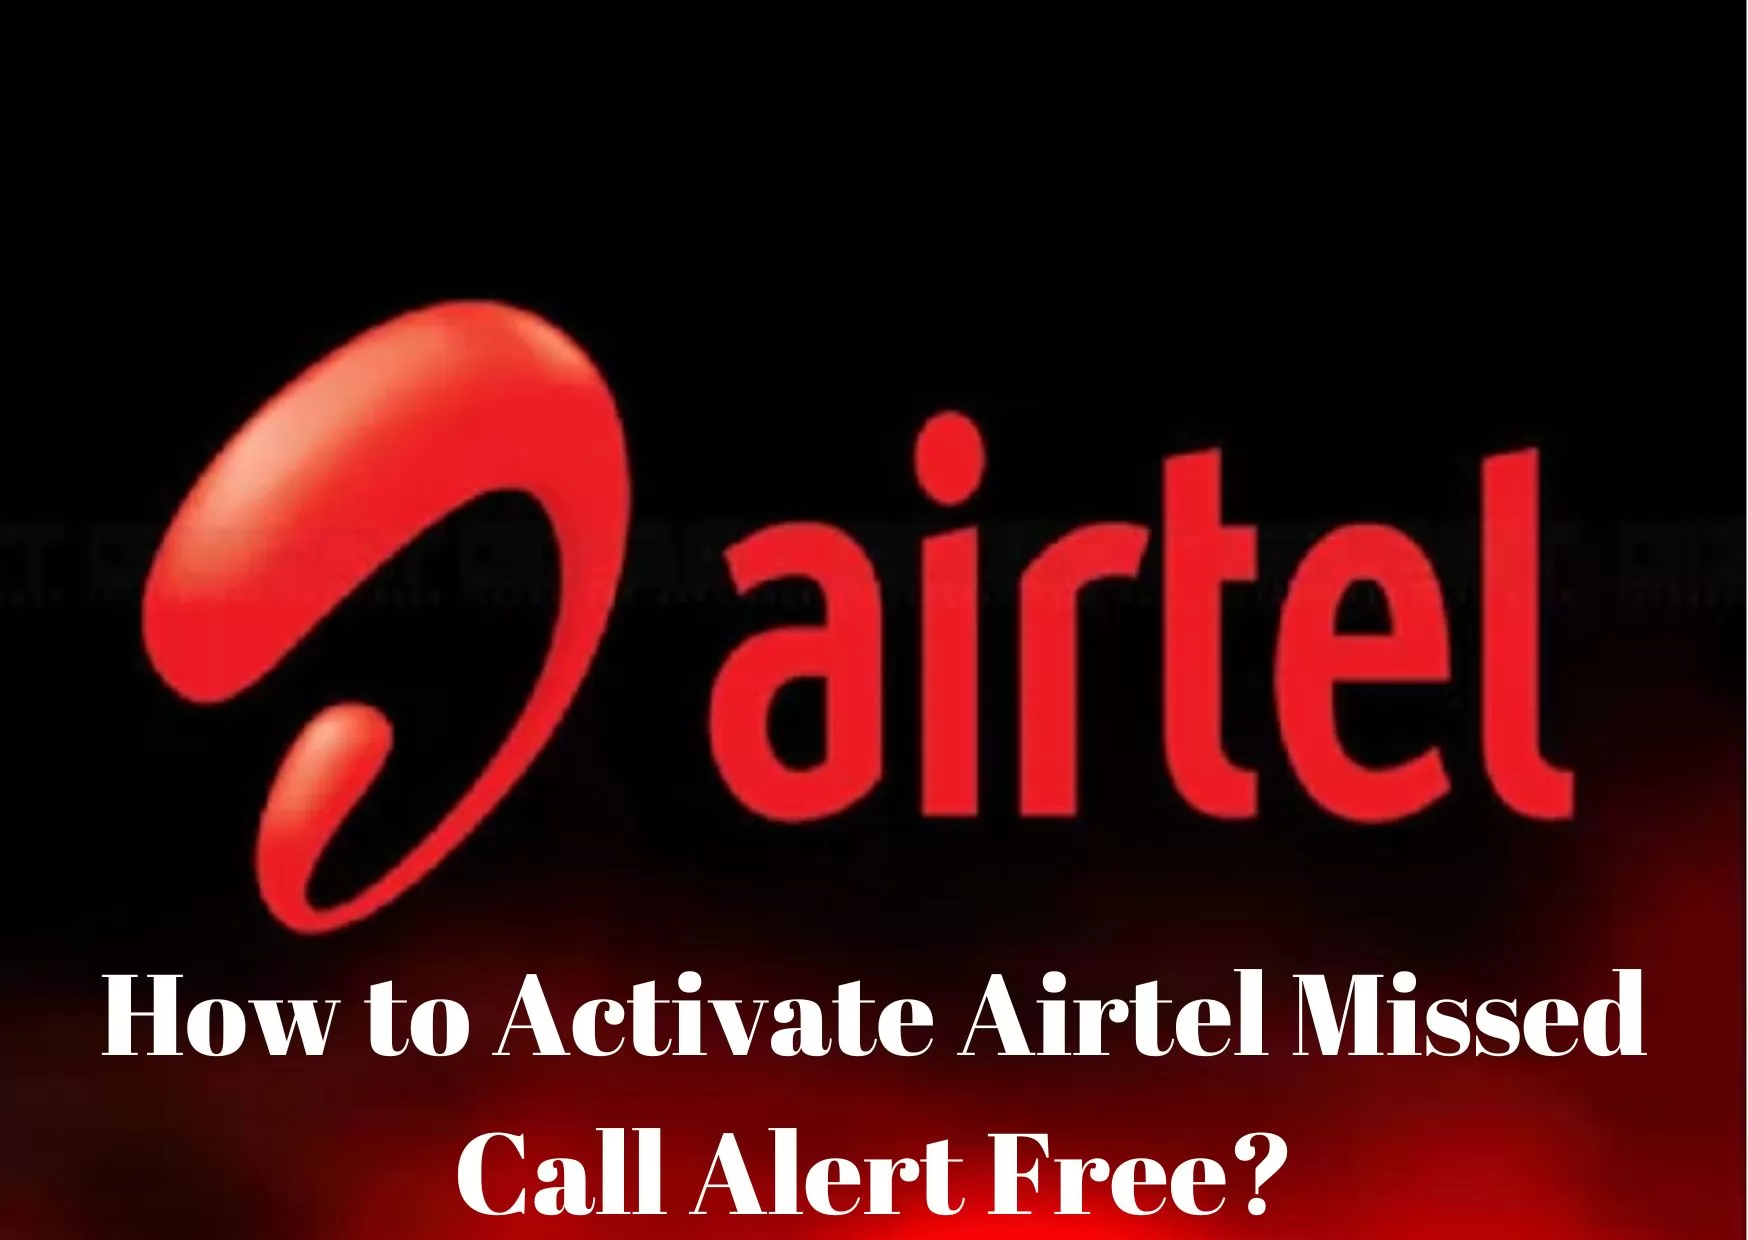 How to Activate Airtel Missed Call Alert Free
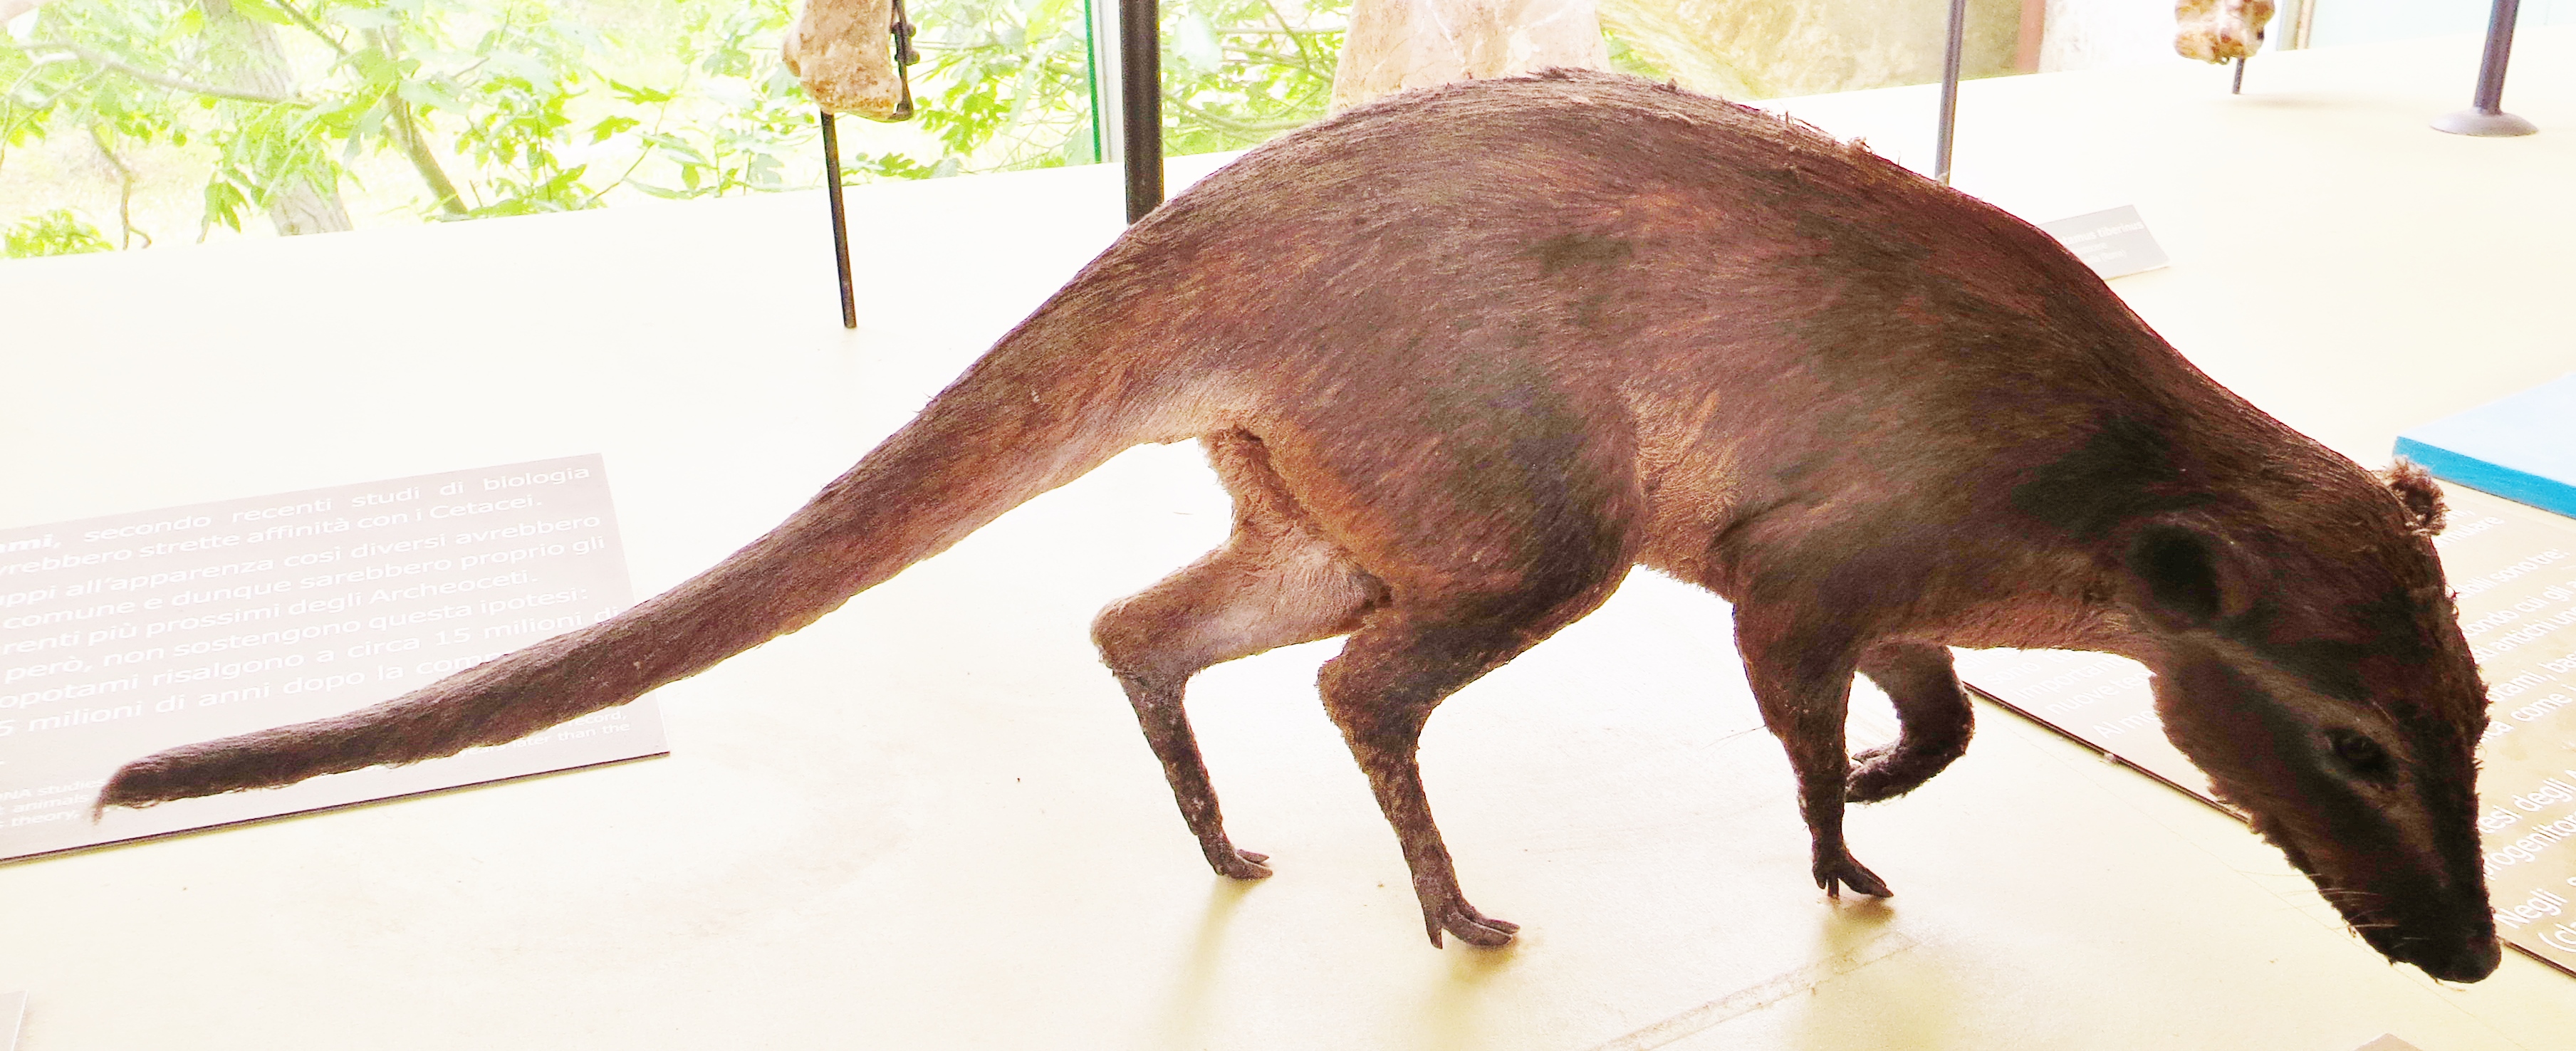 Indohyus, a furry ancestor of modern whales. (Ghedoghedo/Wikimedia Commons/CC BY-SA)
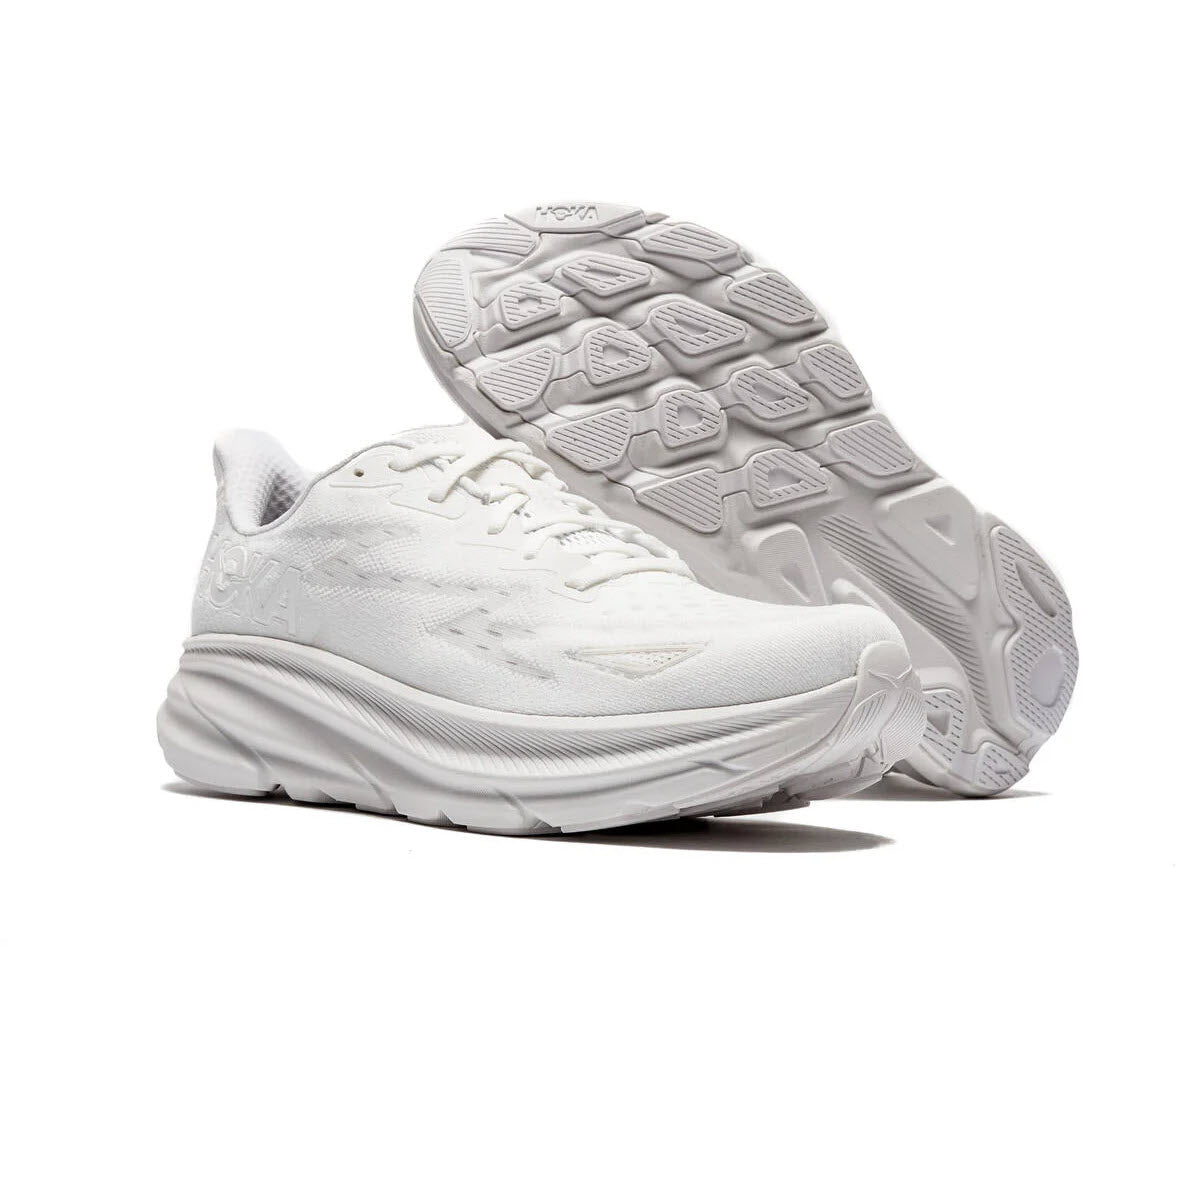 A pair of white Hoka CLIFTON 9 running shoes displayed with one shoe flipped to show the improved outsole design.
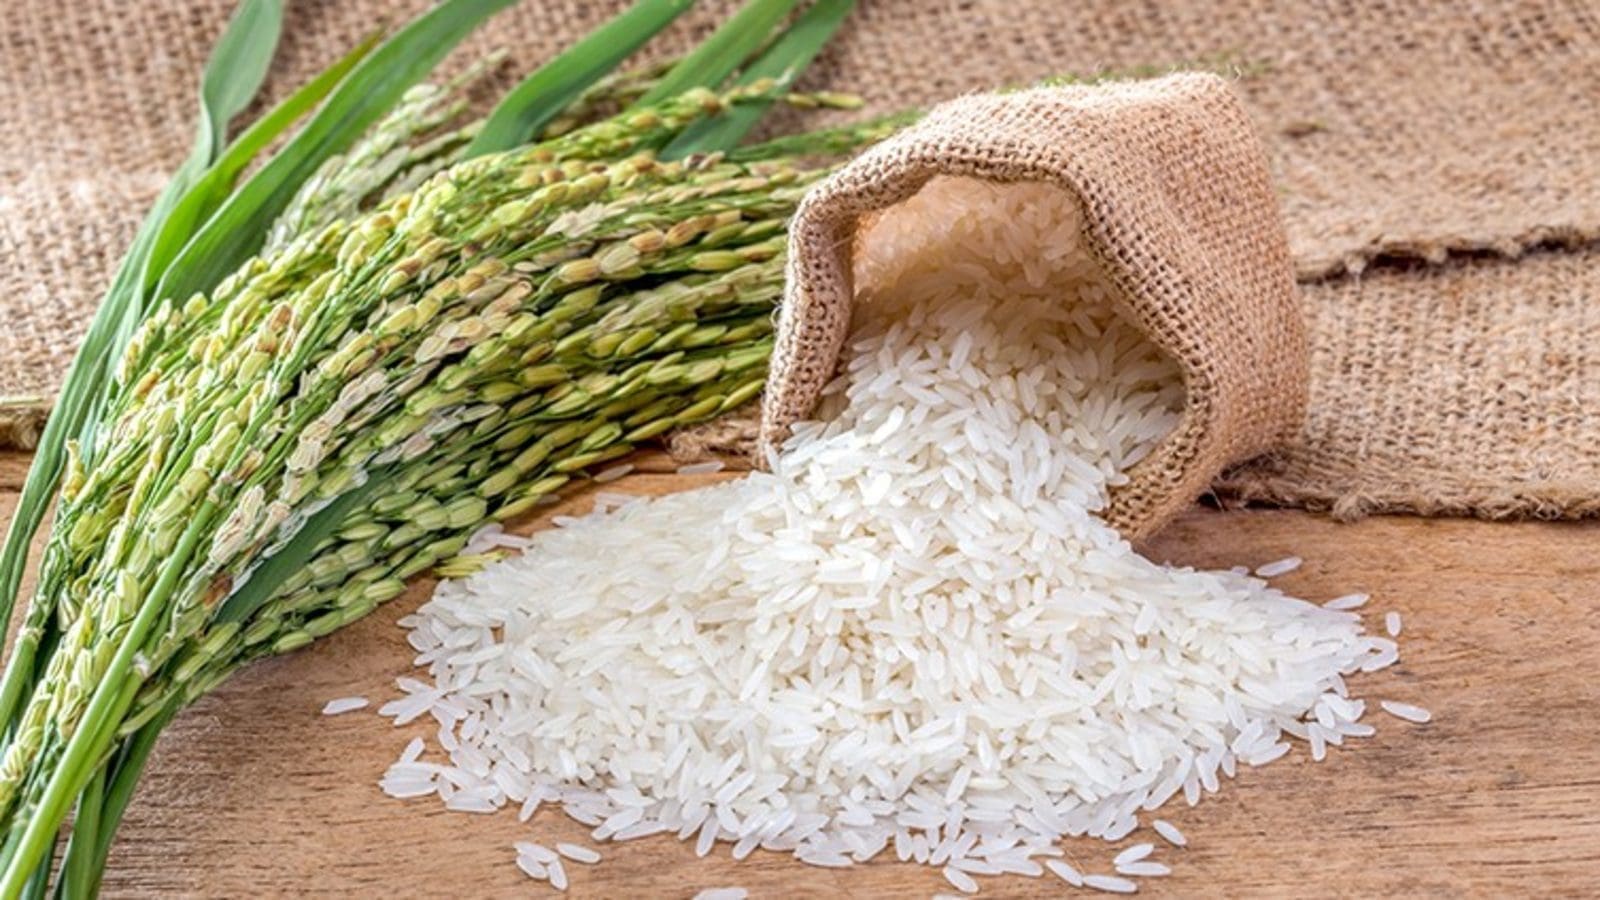 India bans non-basmati rice exports to regulate domestic prices
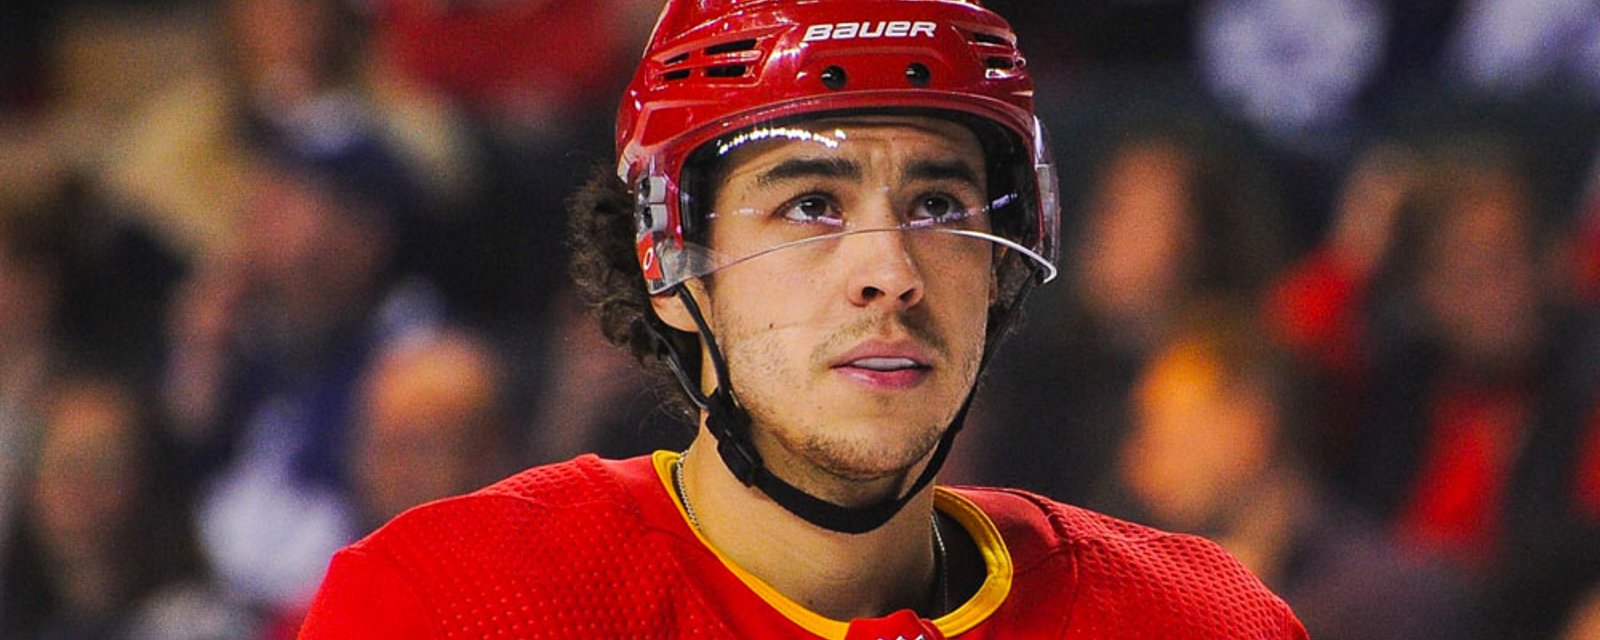 New rumour emerges about Gaudreau and the Flyers
——————
Try it » Write out every entry above exactly as it stands, minus the pictures.

Solution to this problem »
 How to Activate Airtel Missed Call Alert Free
 Indohyus, a furry ancestor of modern whales. (Ghedoghedo/Wikimedia Commons/CC BY-SA)
 A pair of white Hoka CLIFTON 9 running shoes displayed with one shoe flipped to show the improved outsole design.
 India bans non-basmati rice exports to regulate domestic prices
 New rumour emerges about Gaudreau and the Flyers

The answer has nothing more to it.